18:53 MiroslavAnashkin There are `ceph-deploy osd prepare ${devices}` and `ceph-deploy osd activate ${devices}`
18:55 hyperbaba MiroslavAnashkin: are you doing ceph-deploy disk zap in the recepie? It is needed for redeployment scenarios, so xfs can be created again over the old ove
18:56 Kupo24z MiroslavAnashkin: im doing a Ubuntu fuel 5 HA install and one controller says ready and the other two are hung at about 50%, anything i can check? No errors reported in the logs tab
18:56 Kupo24z & the last log entry was 30 mins ago
18:57 MiroslavAnashkin Kupo24z: Depends on the roles set, assigned to the controllers. Timeout is 2 hours
19:00 MiroslavAnashkin Kupo24z: You may ssh to the stalled controllers and check the network connections by Admin, management and storage networks.

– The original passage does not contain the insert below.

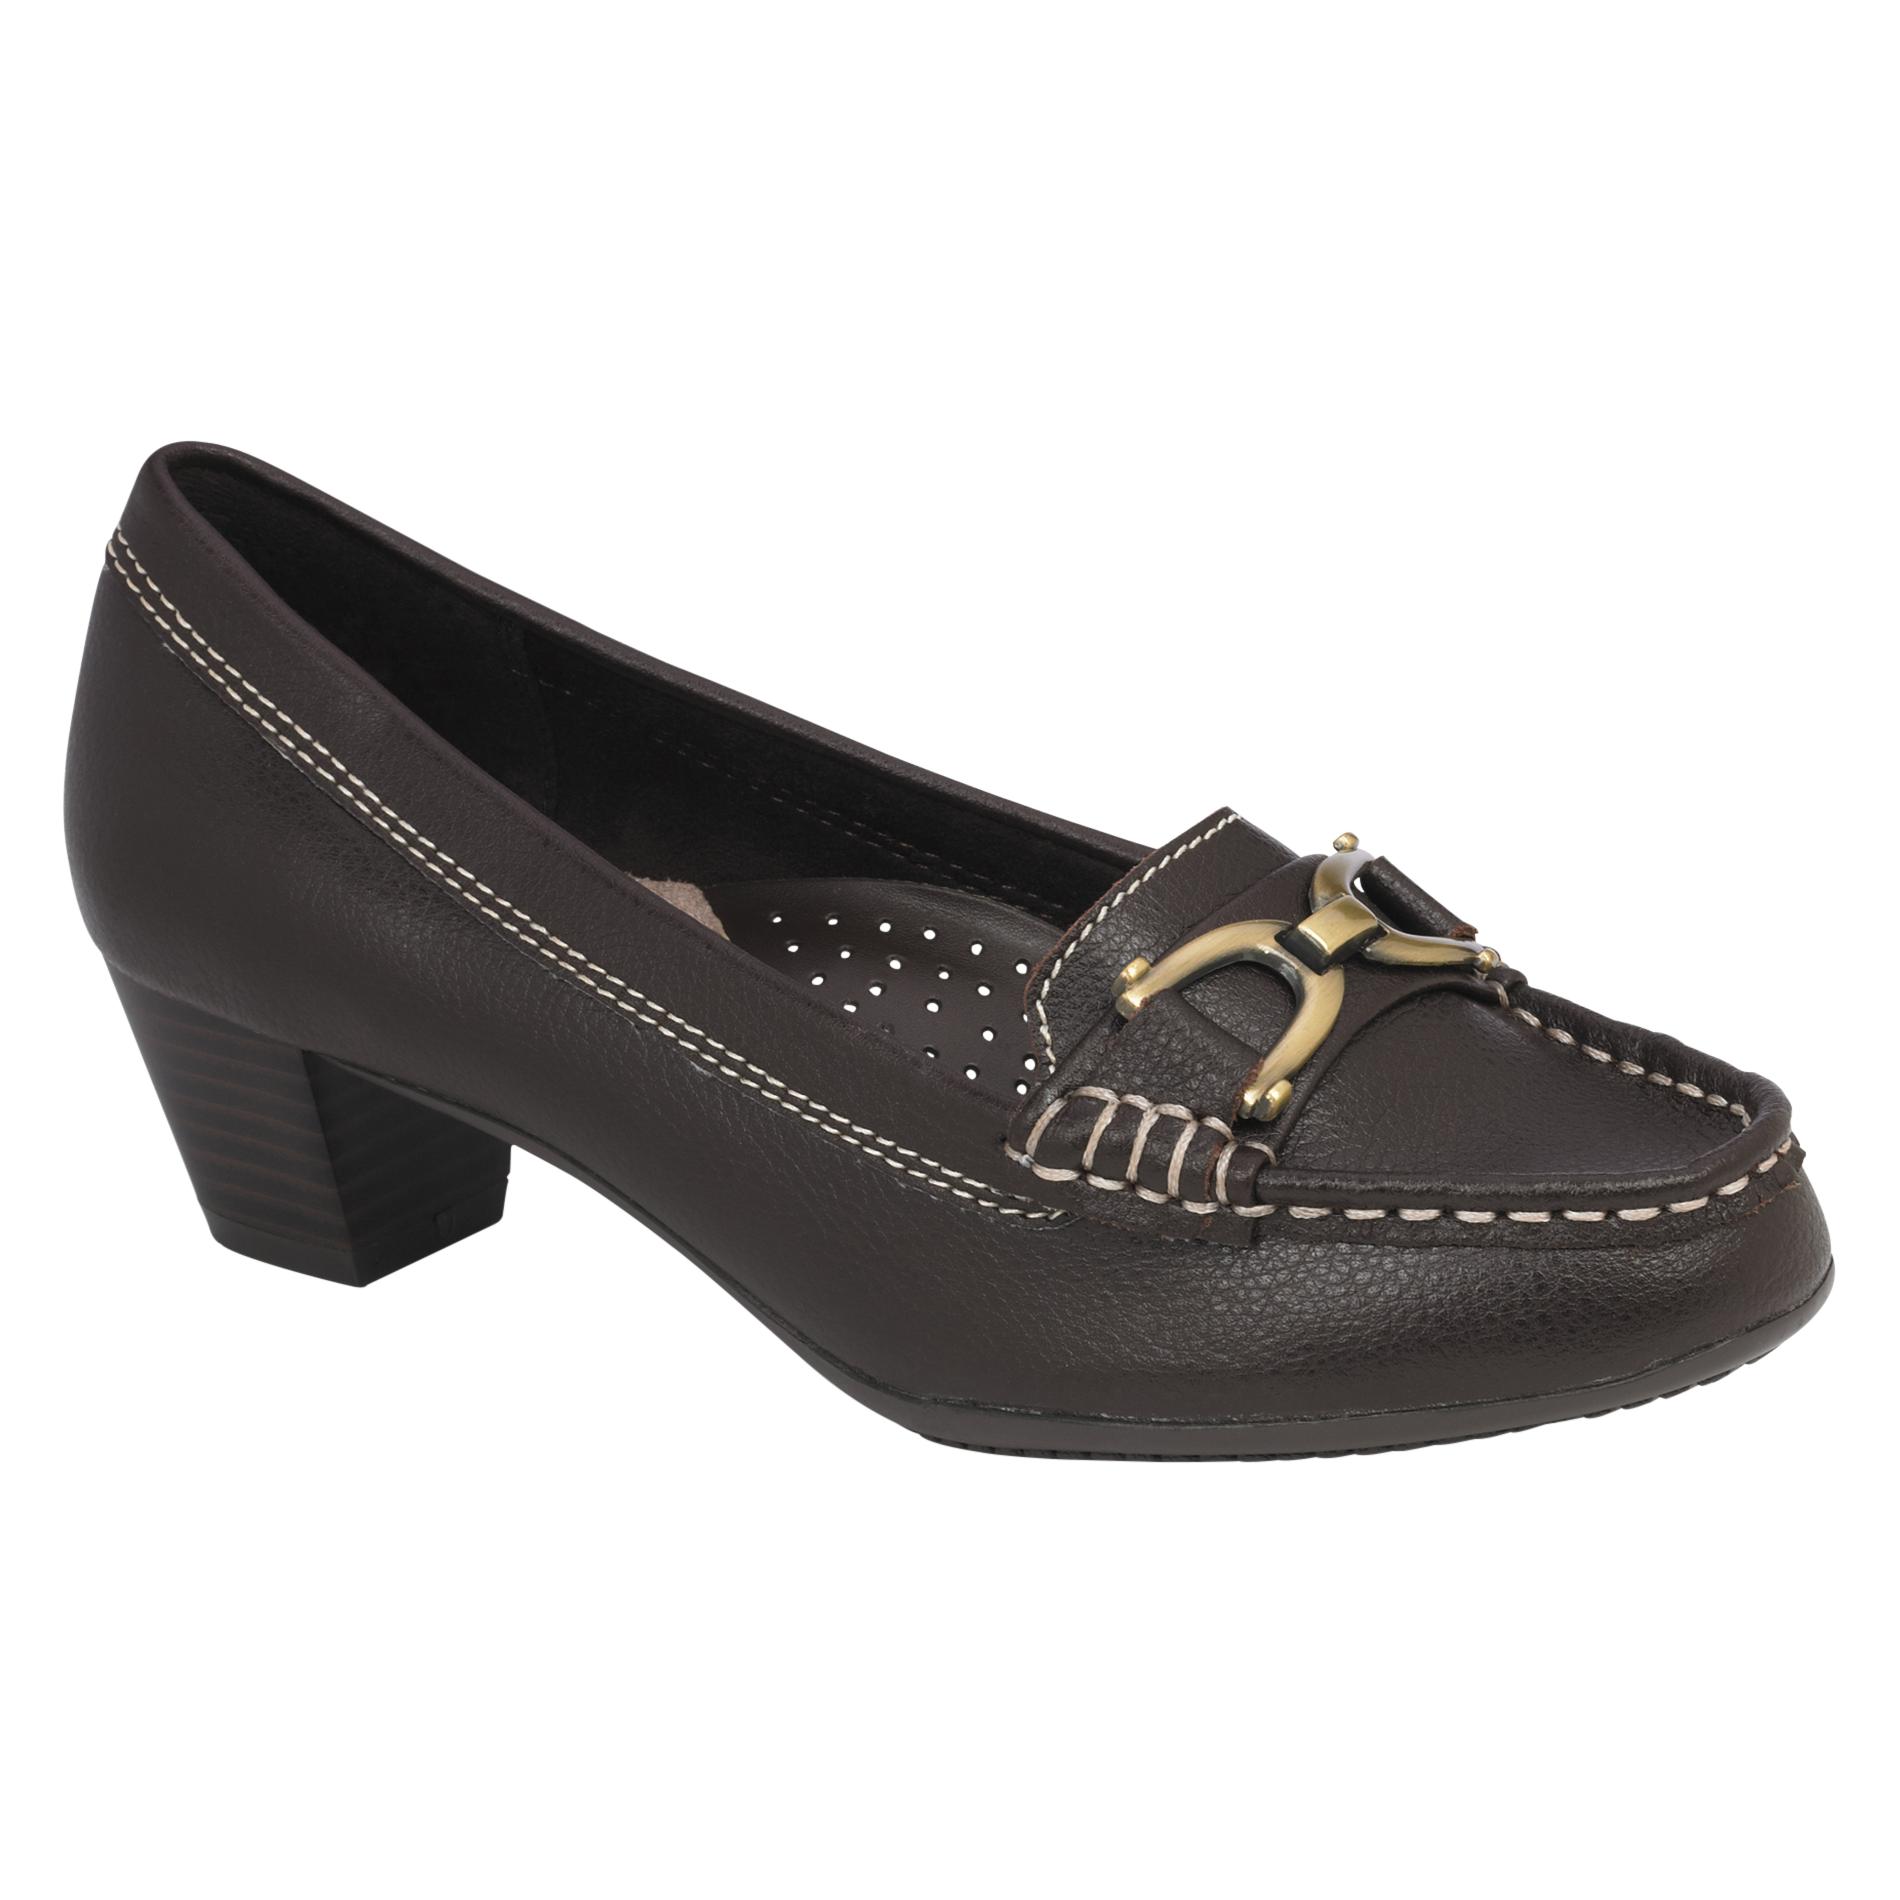 Thom McAn Women's Francis Leather Dress Loafer - Black Wide

19:01 MiroslavAnashkin hyperbaba: Please run the following command first, to check if your OSD works
19:01 MiroslavAnashkin `ceph-deploy osd activate node-22:sdc`
19:02 MiroslavAnashkin If does not help - please run the following sequence. You may have to give Ceph some time to re-balance cluster between the steps.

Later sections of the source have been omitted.